Hornis machen einfach nur Spaß und schmecken suuuuuuperlecker. #6  #6


----------



## Fxndlxng (20. April 2004)

*AW: Gelbe Blüten*

Hornis sind absolut knorke!!!! 
Besonders freue ich mich darauf sie endlich einmal mit der Fliege 
zu beangeln. Das wird sicherlich 'nen riesen Spaß. Allerdings weine 
ich auch gedanklich schon den mefos hinterher, denn die werden 
dann leider zur Ausnahme :c  :c  :c 
Aber zur Abwechslung auch mal häufiger Fischkontakt zu haben tut 
meiner geschundenen Ostsee-Seele auch mal ganz gut. Außerdem dauert
der ganz große "RUN" ja auch nicht so lange.


----------



## MichaelB (20. April 2004)

*AW: Gelbe Blüten*

Moin,

wenn das Wasser richtig "brodelt" will ich es dies Jahr mal mit dem UL-Rütchen probieren, das stelle ich mir auch äußerst attraktiv vor #h 

Gruß
Michael


----------



## MichiHH (20. April 2004)

*AW: Gelbe Blüten*



			
				MichaelB schrieb:
			
		

> wenn das Wasser richtig "brodelt" will ich es dies Jahr mal mit dem UL-Rütchen probieren



Bescheid!
Da bin ich doch bei 

Ich habe gestern an der A1 auch die ersten gelben Blüten gesichtet, traute mich aber nicht das zu erwähnen  #t 

Nein, es war *kein* Löwenzahn!


----------



## AndreasB (20. April 2004)

*AW: Gelbe Blüten*

Hallo Michael,

ich habe heute Nachmittag bei uns in der Umgebung die ersten gelben Blüten entdeckt (zwei bis drei zarte gelbe Knospen auf dem Quadratmeter, aber immerhin) #v 

*HORNHECHTALARM*​
 #h Andreas #h


----------



## Fischbox (20. April 2004)

*AW: Gelbe Blüten*

Also eigentlich bin ich auch nicht so der rechte Hornifan, aber wenn man so etwas liest, ...

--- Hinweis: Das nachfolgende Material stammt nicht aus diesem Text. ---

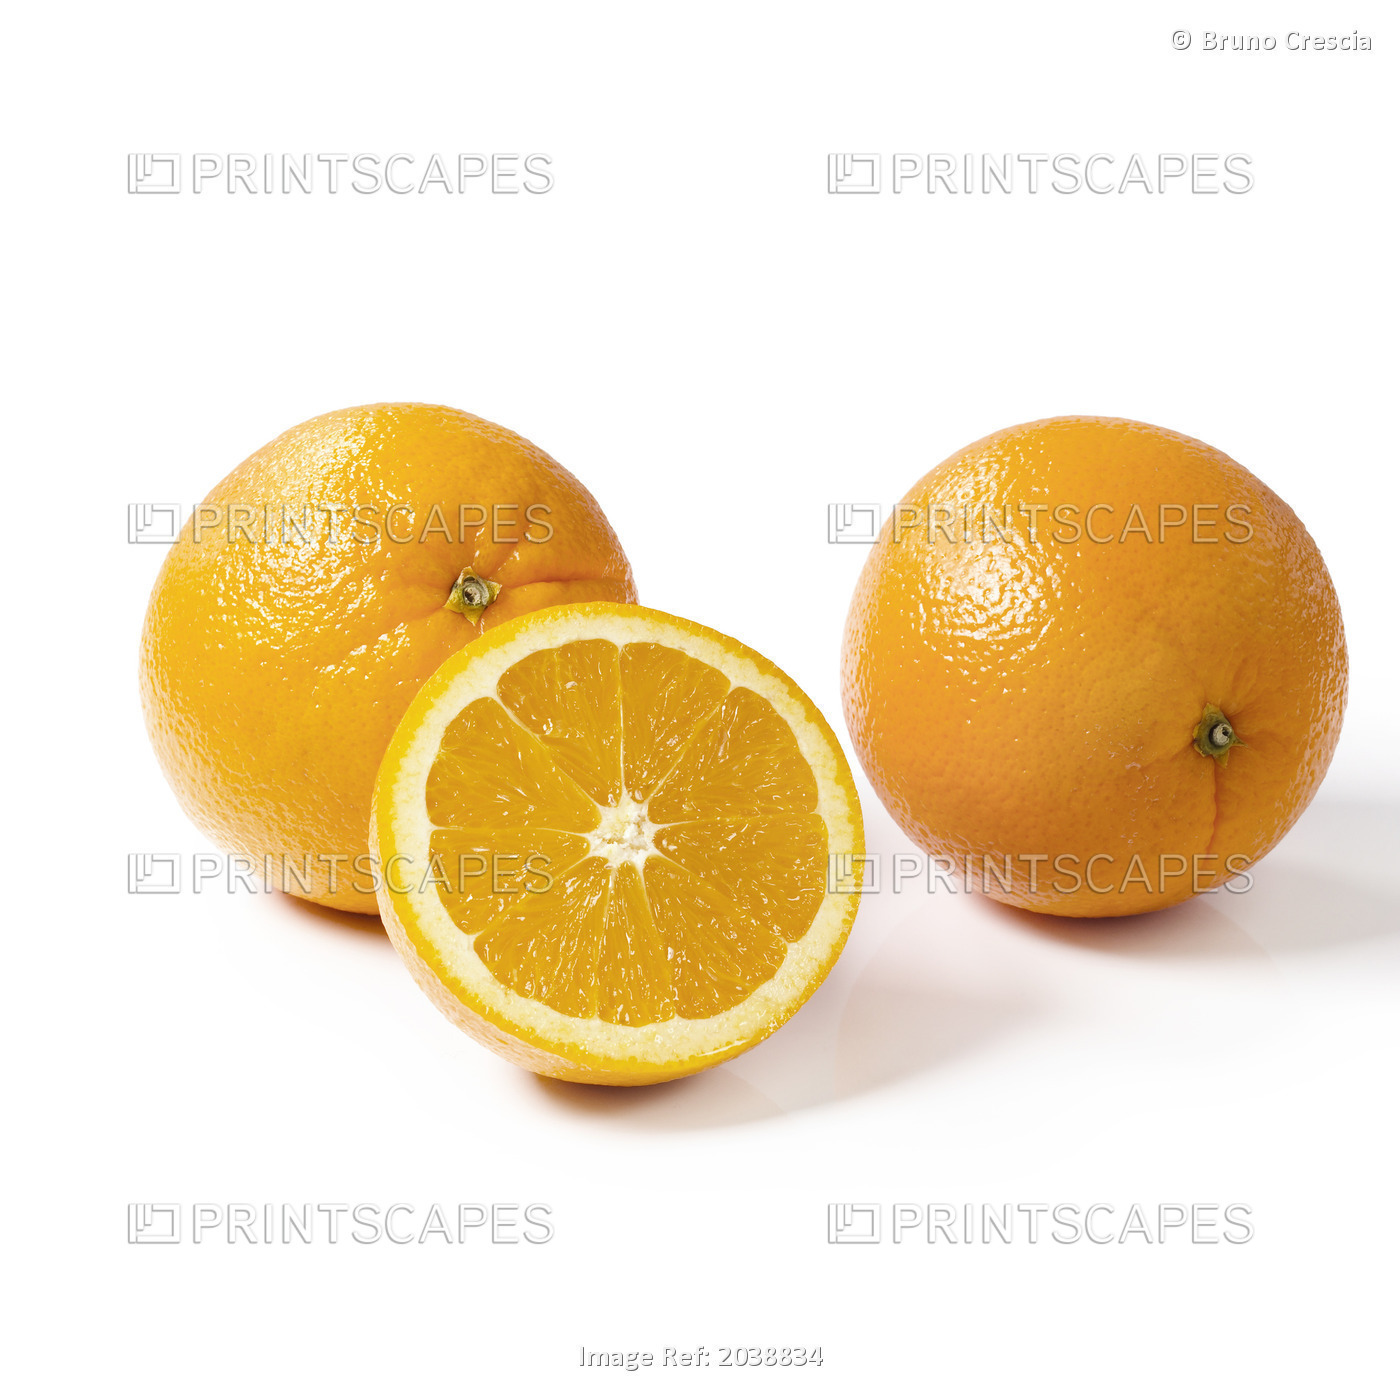 Oranges On A White Background

> wenn das Wasser richtig "brodelt"





> auch mal häufiger Fischkontakt zu haben



..dann wird man doch ziemlich fickerig.  :z  :z 

Muß zu meiner Schande leider auch gestehen, dass ich noch niemals nicht Horni gefuttert habe. Es bleiben mit also nur wenig Alternativen...


----------



## havkat (20. April 2004)

*AW: Gelbe Blüten*

Oooooch nöööö!

Bidde noch nich! Eine Pfanne voll is ja okay, aber später denn. 

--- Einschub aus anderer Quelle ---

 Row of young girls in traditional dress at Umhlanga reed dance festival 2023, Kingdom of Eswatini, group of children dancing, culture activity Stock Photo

Ihr könnt sie alle haben! Echt!!


----------



## Bonifaz (20. April 2004)

*AW: Gelbe Blüten*

Moin

Also ich freu mich auch schon drauf. hab auch eine heisse Stelle gefunden...
Versuchen werde ich es mit meiner in Norwegen erfundenen methode...
2 er paternoster mit fischstückchen und hinten einen Snaps....
Auf diese weise hatte ich dort sogar eine Duplette..... #v


----------



## marioschreiber (20. April 2004)

*AW: Gelbe Blüten*

Früher habe ich mich immer gefreut, vorallem wenn ich lange keinen Fischkontakt hatte.
Aber spätestens nach einer Woche werden sie lästig.
das liegt aber auch daran das ich, wenn ich will, jeden Tag darauf angeln kann.
Nach einer Woche ärgere ich mich langsam das keine meerforelle schnell genug am Köder sein kann (@Sönke: Aussnahmen bestätigen die......).
Als Kind habe ich mit Wasserkugel und Heringsfetzen gefischt.
Später habe ich daran gearbeitet die Fehlbißquote an der Spinnrute zu senken.

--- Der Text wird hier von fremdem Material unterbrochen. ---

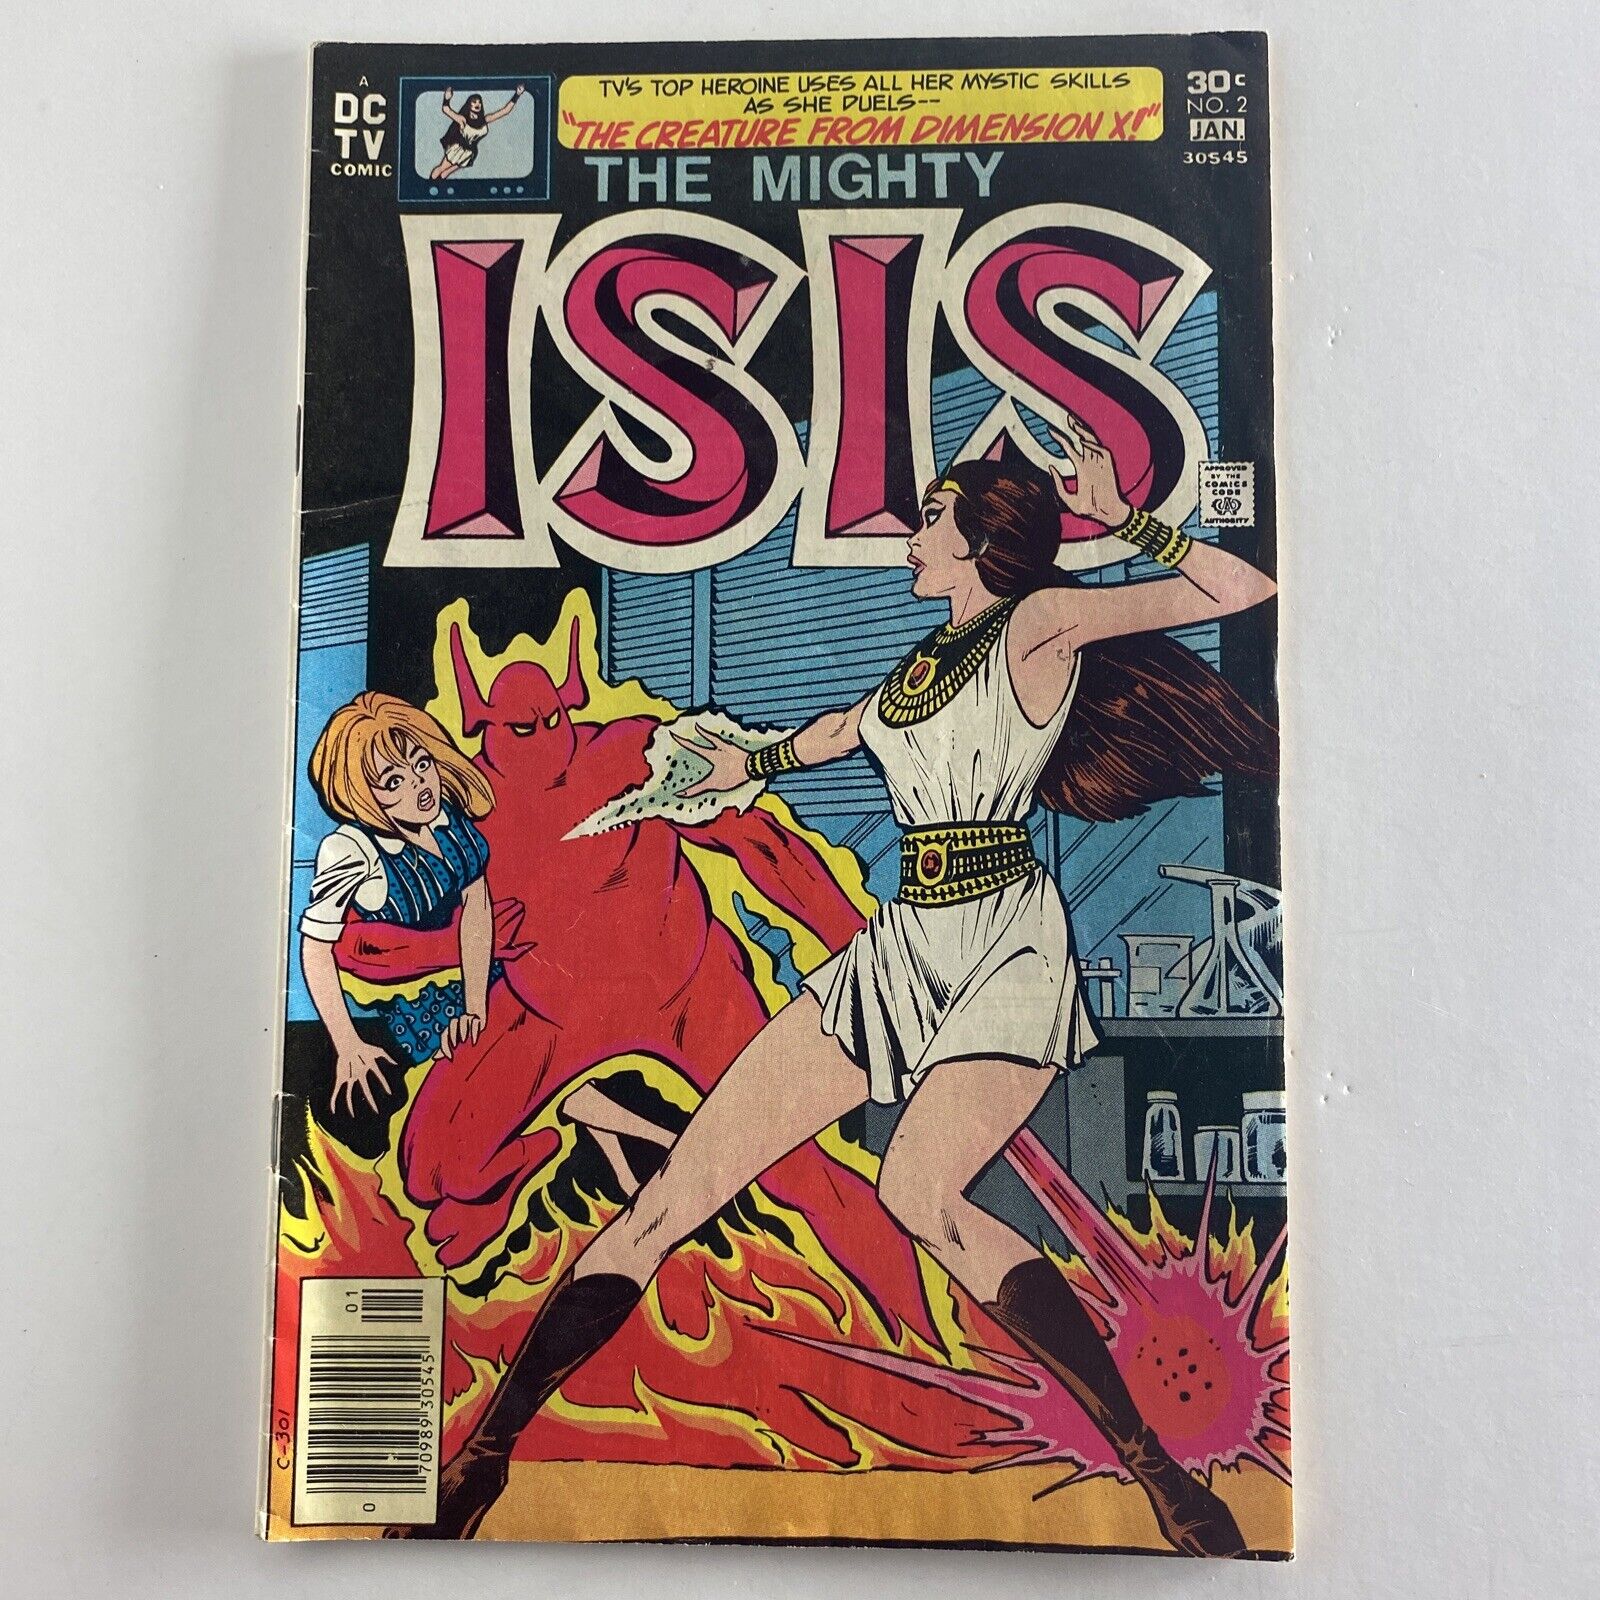 The Mighty Isis #2 DC TV Comic 1976 Saturday Morning TV Bronze Age

Dieses Frühjahr werde ich nur mit der Fliegenrute fischen !
Das trainiert die drillfertigkeiten! Denn irgendwann kommt die ganz große Mefo !


----------



## Truttafriend (20. April 2004)

*AW: Gelbe Blüten*



> Denn irgendwann kommt die ganz große Mefo !



Genau! Ziel 2004. Den Rügener 27Pfünder toppen


----------



## MichaelB (20. April 2004)

*AW: Gelbe Blüten*

Moin,

@MichiHH: in der Woche mit Himmelfahrt hab ich Urlaub #v  na so ein Zuuufall  

@Mario: klar, wenn man eh "am Strand" wohnt...   für mich bedeutet Küstenangeln immer Vorbereitung und minnigens eine gute halbe Stunde Anfahrt.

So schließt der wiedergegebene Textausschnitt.